* **EXERCISE BRIEF**
Please give back the listing exactly, without any of its pictures.

* **COLLECTED DATA**
• • •

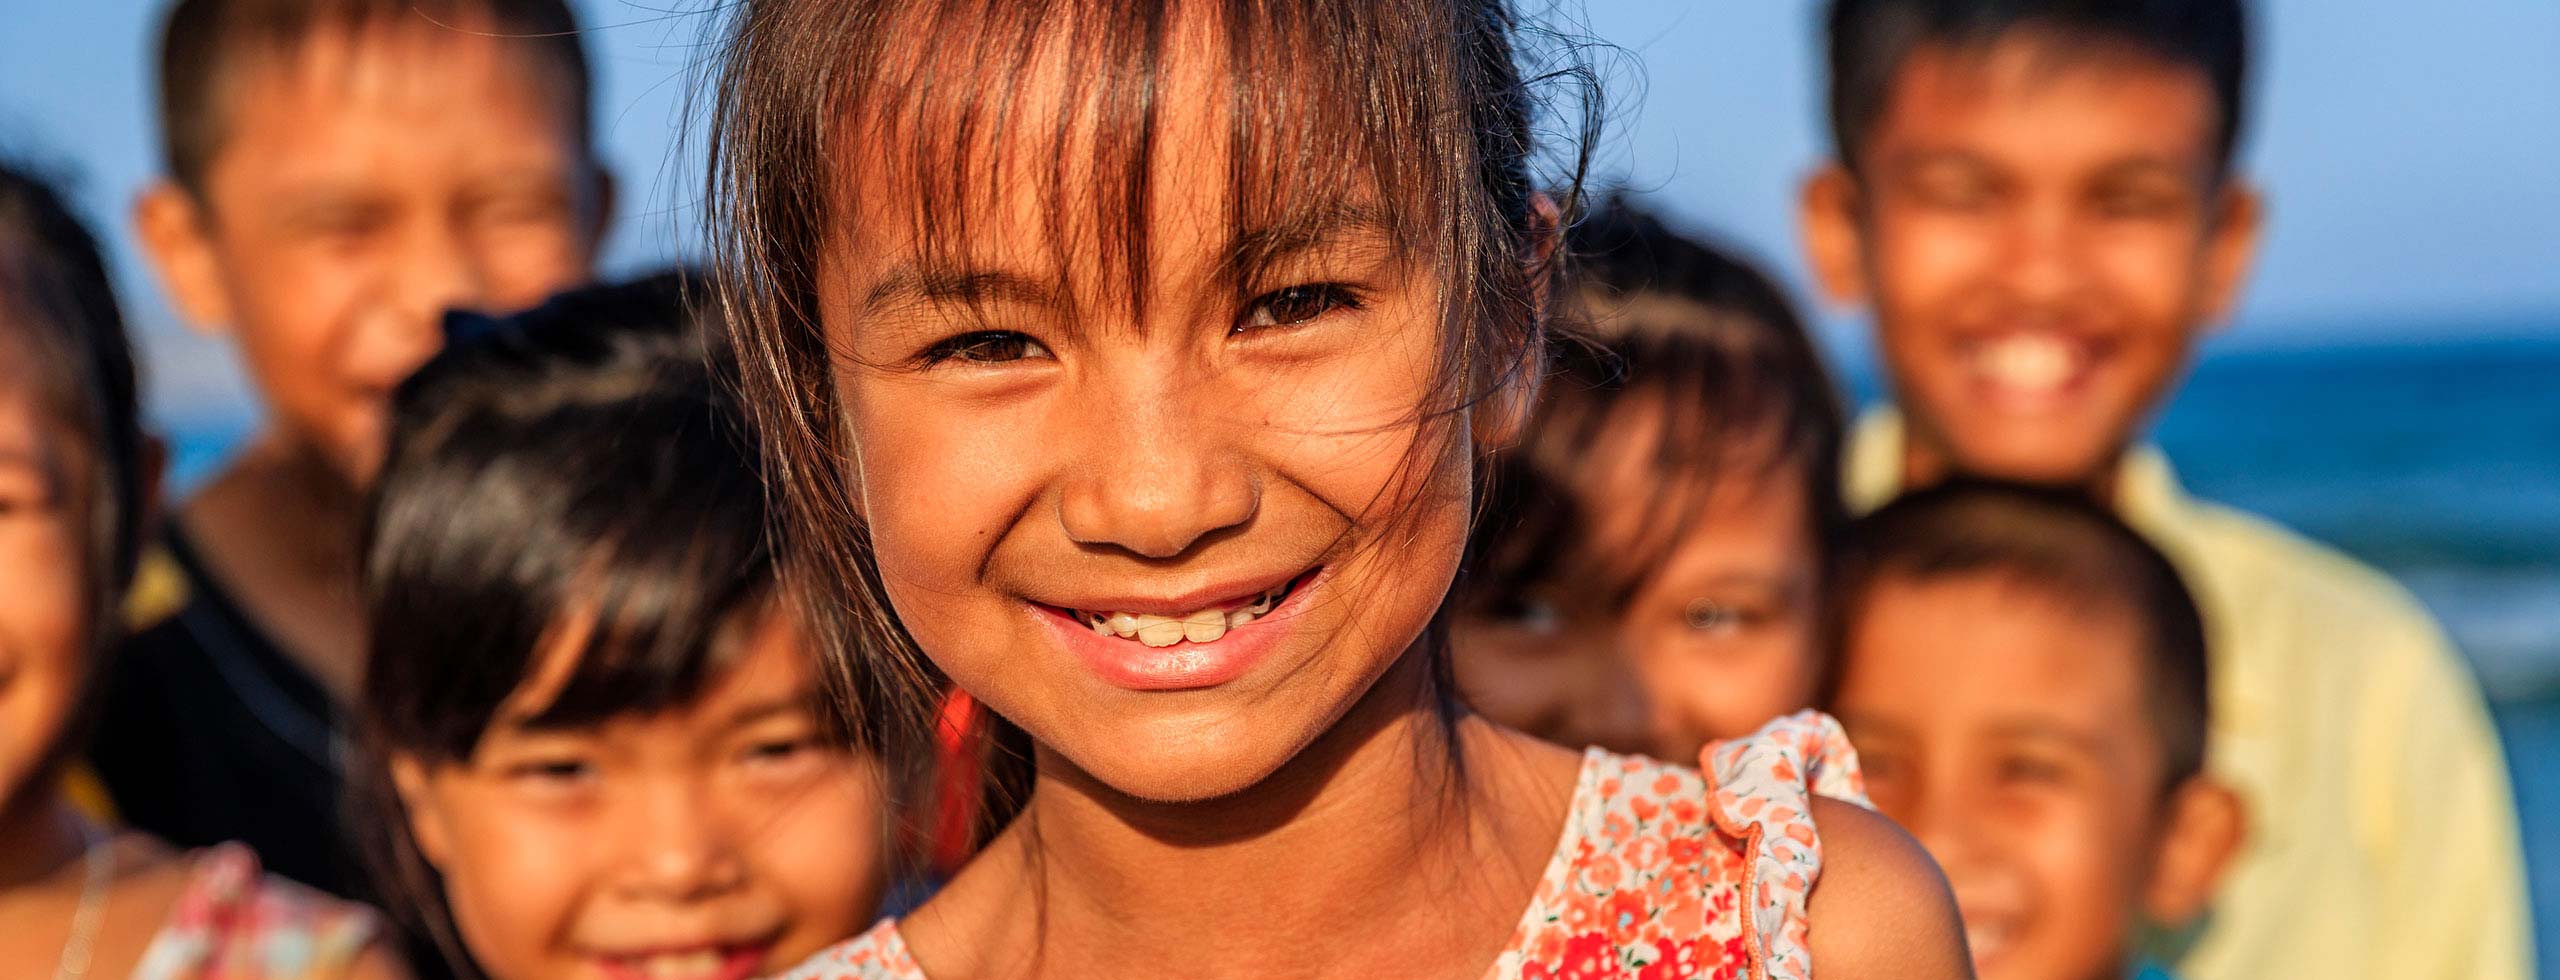 niña sonriendo vietnam Niños sin fronteras adopciones
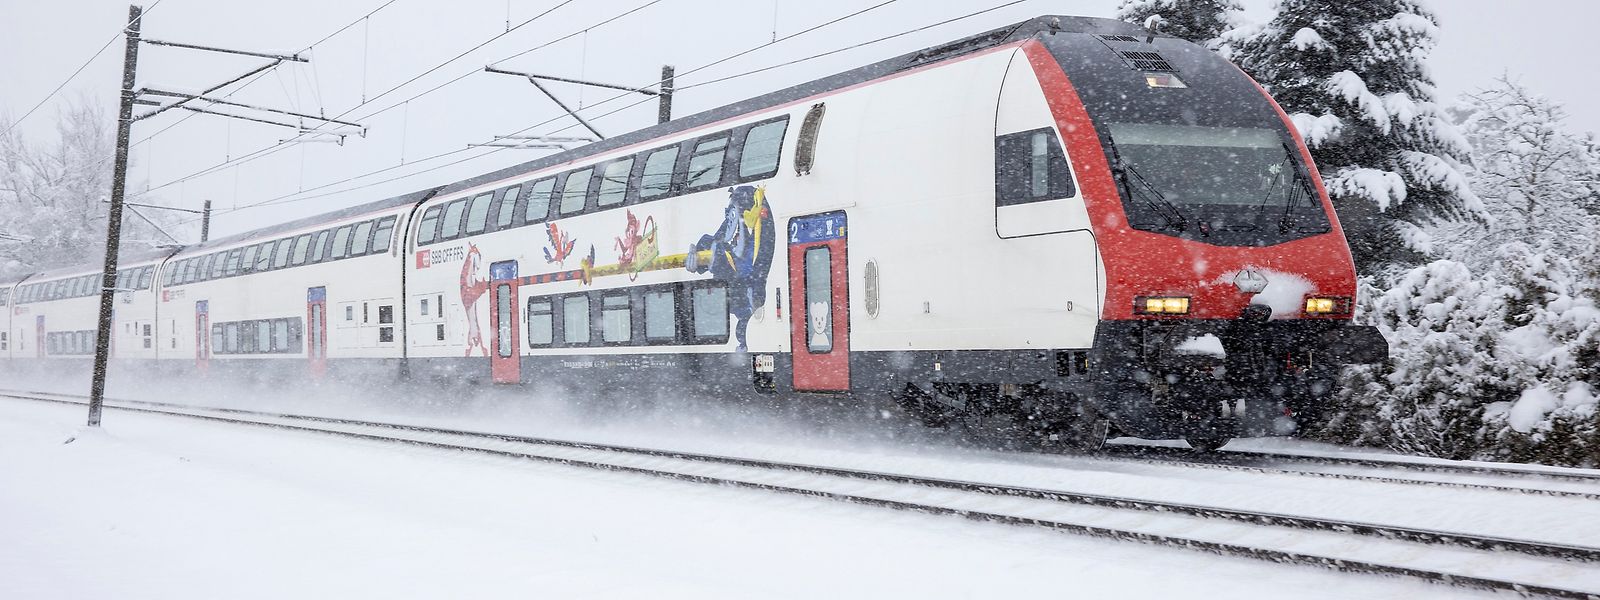 Auch für Winterwetter ist die Schweizer Bahn ausgerüstet. Das Foto zeigt einen IC-2000.
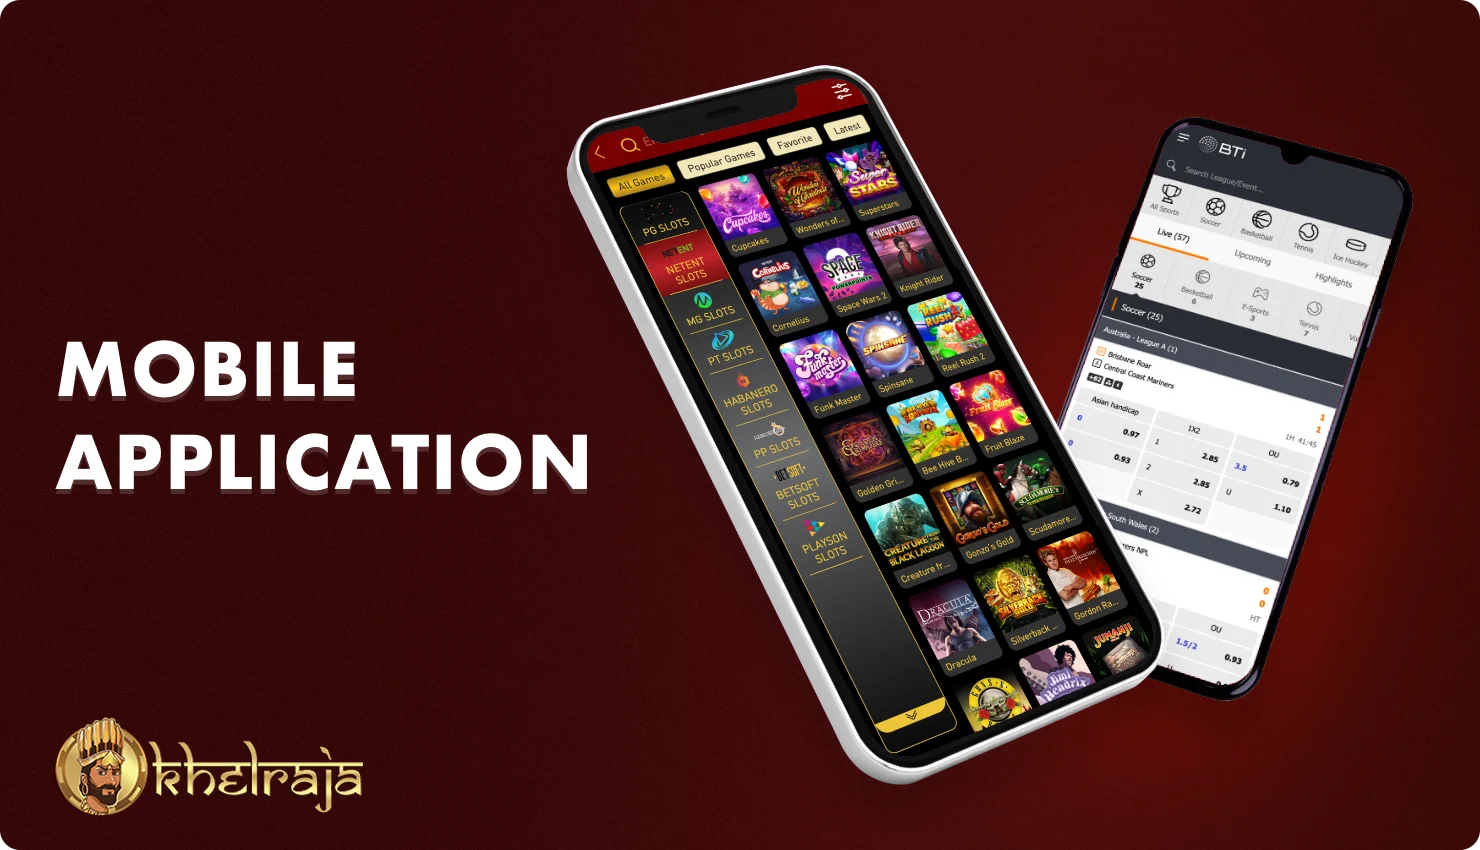 निःशुल्क Khelraja मोबाइल ऐप आपको सट्टा लगाने और चलते-फिरते कैसिनो गेम खेलने की अनुमति देता है

• • •

* **ANSWER FOR THIS EXERCISE**
 niña sonriendo vietnam Niños sin fronteras adopciones
 Auch für Winterwetter ist die Schweizer Bahn ausgerüstet. Das Foto zeigt einen IC-2000.
 निःशुल्क Khelraja मोबाइल ऐप आपको सट्टा लगाने और चलते-फिरते कैसिनो गेम खेलने की अनुमति देता है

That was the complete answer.